At the subsequent foreclosure computation hearing, Gomez requested that $67,826.11, representing the "operating expen*704ses” he incurred during the period he was a mortgagee in possession, less $20,882.03 for rents he collected, be included in the amount of the judgment of foreclosure. The Bobkers objected to an award of any amount over the rents collected maintaining, inter alia, that Gomez was not a lawful mortgagee in possession. The Referee found that Gomez was not a mortgagee in possession but a volunteer who sought to preserve his investment, yet he accepted $39,851.46 as operating expenses incurred by Gomez.

Pursuant to a stipulation reserving the rights of the parties, a judgment of foreclosure was entered in the sum determined by the Referee. The plaintiff then moved for an order increasing the amount of the judgment by $20,517.71, and the Bobkers cross-moved for an order decreasing it by $20,124.56. At issue here is whether Special Term properly reduced the amount of the judgment of foreclosure by $18,445.48.

Special Term properly granted the cross motion reducing the amount of the judgment of foreclosure. It is established that entry upon mortgaged premises must be legal in its inception and, if not, entry constitutes a trespass (Herrmann v Cabinet Land Co., 217 NY 526; Dime Sav. Bank v Altman, 249 App Div 174, 176, affd 275 NY 62). When the mortgage itself, as in the instant case, gives the mortgagee the right to enter and take possession of the mortgaged premises and receive the rents and profits, a formal demand made of the mortgagor and a refusal is sufficient to justify a collection of the rents and income (see, Dime Sav. Bank v Altman, 275 NY 62, 73, supra; 1180 Anderson Ave. Realty Corp. v Mina Equities Corp., 95 AD2d 169, 173-174). In this case Gomez’s entry was not preceded by a formal demand made to the Bobkers and was therefore not legal in its inception and constituted a trespass.
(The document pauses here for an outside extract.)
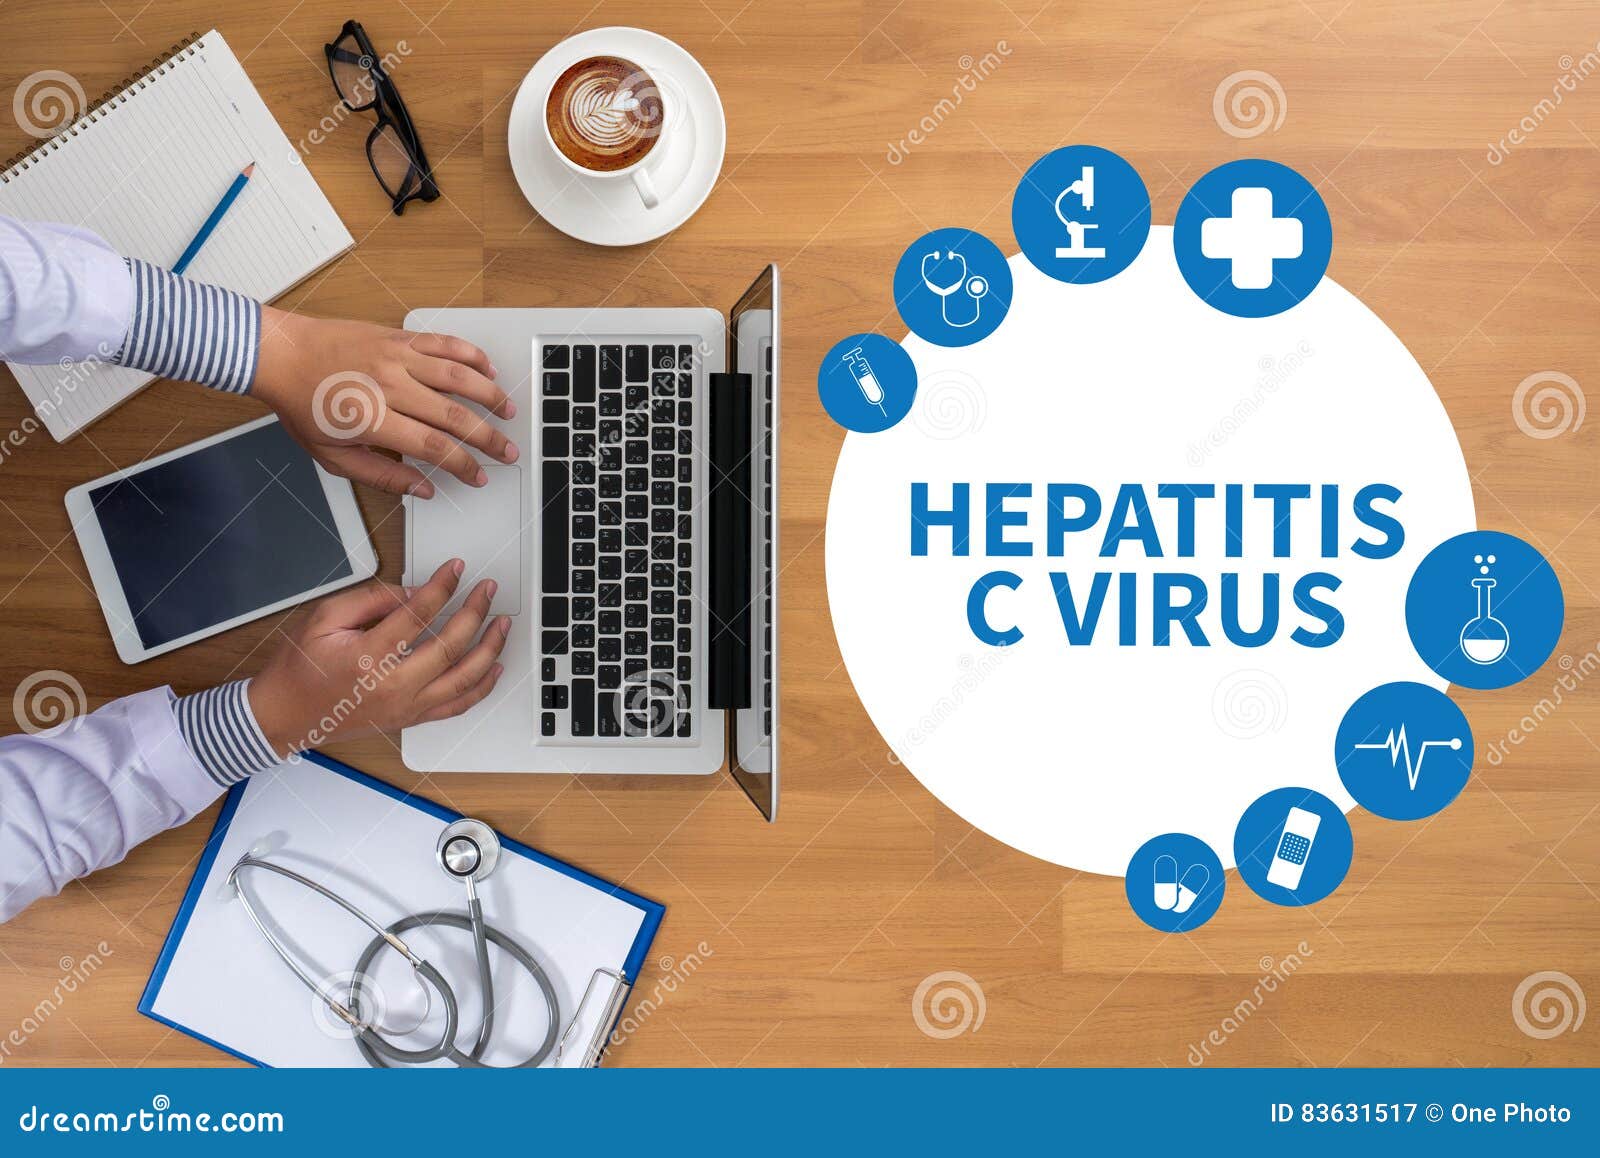 hepatitis c virus , hcv. medical report , hepatitis c virus (hcv) testing , drugs for hepatitis c virus (hcv) treatment , hcv he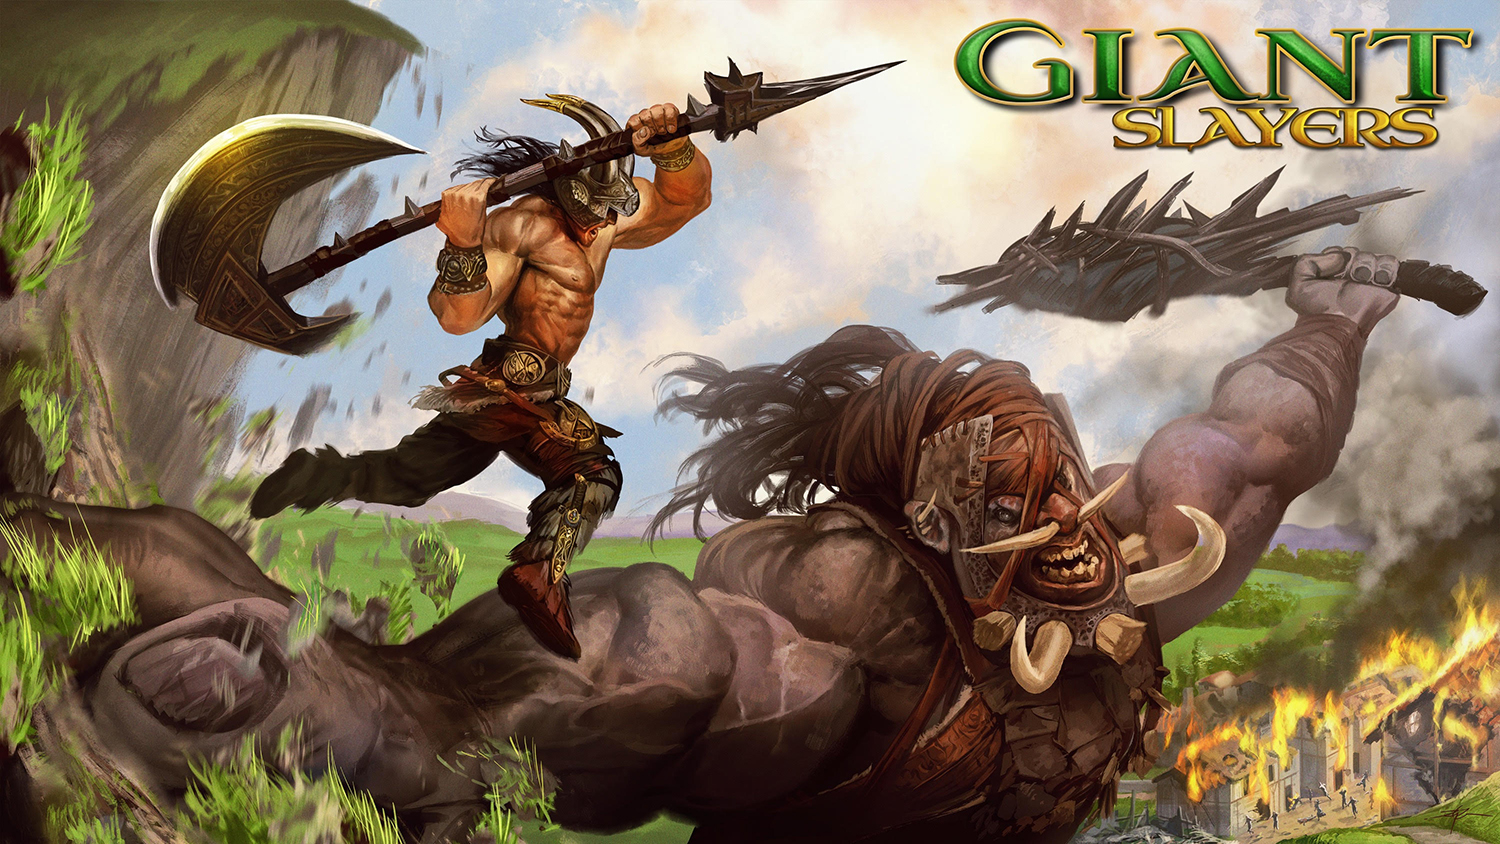 giant slayer slayers crazy girl axe Axeman warrior catapult hook.

A mortgagee in unlawful possession has no right to collect the rents and is liable to the mortgagor for the mesne profits— the amount of any rents collected in excess of the amounts properly deductible — during the period of his unlawful possession (see, Dime Sav. Bank v Altman, 275 NY 62, 72, supra). The amounts properly deductible by the mortgagee consist of all necessary repairs and taxes (see, Woodhull v Rosenthal, 61 NY 382). However, a mortgagee out of possession is not to be encouraged to become for all intents a landlord of the mortgaged building upon a default (see, Sullivan v Rosson, 223 NY 217, 226), and the mortgagor " 'should not suffer from any mismanagement, negligence or improvident expenditure by the party in possession’ ” (Dime Sav. Bank v Altman, 275 NY 62, 71, supra). Additionally, a mortgagee in unlawful posses*705sion is entitled to the value of permanent improvements made in good faith but not beyond the value of the mesne profits (see, RPAPL 601; Berney v Brodie, 26 AD2d 679). In this case, Gomez became for all intents the landlord of the mortgaged building. At a maximum he is entitled to offset the cost of necessary repairs and taxes against the rents collected. To the extent Bobker allowed Gomez the full amount of the rents he collected as an offset for his "operating expenses”, Gomez obtained the maximum allowable offset and was entitled to no more. Mangano, J. P., Niehoff, Kooper and Spatt, JJ., concur.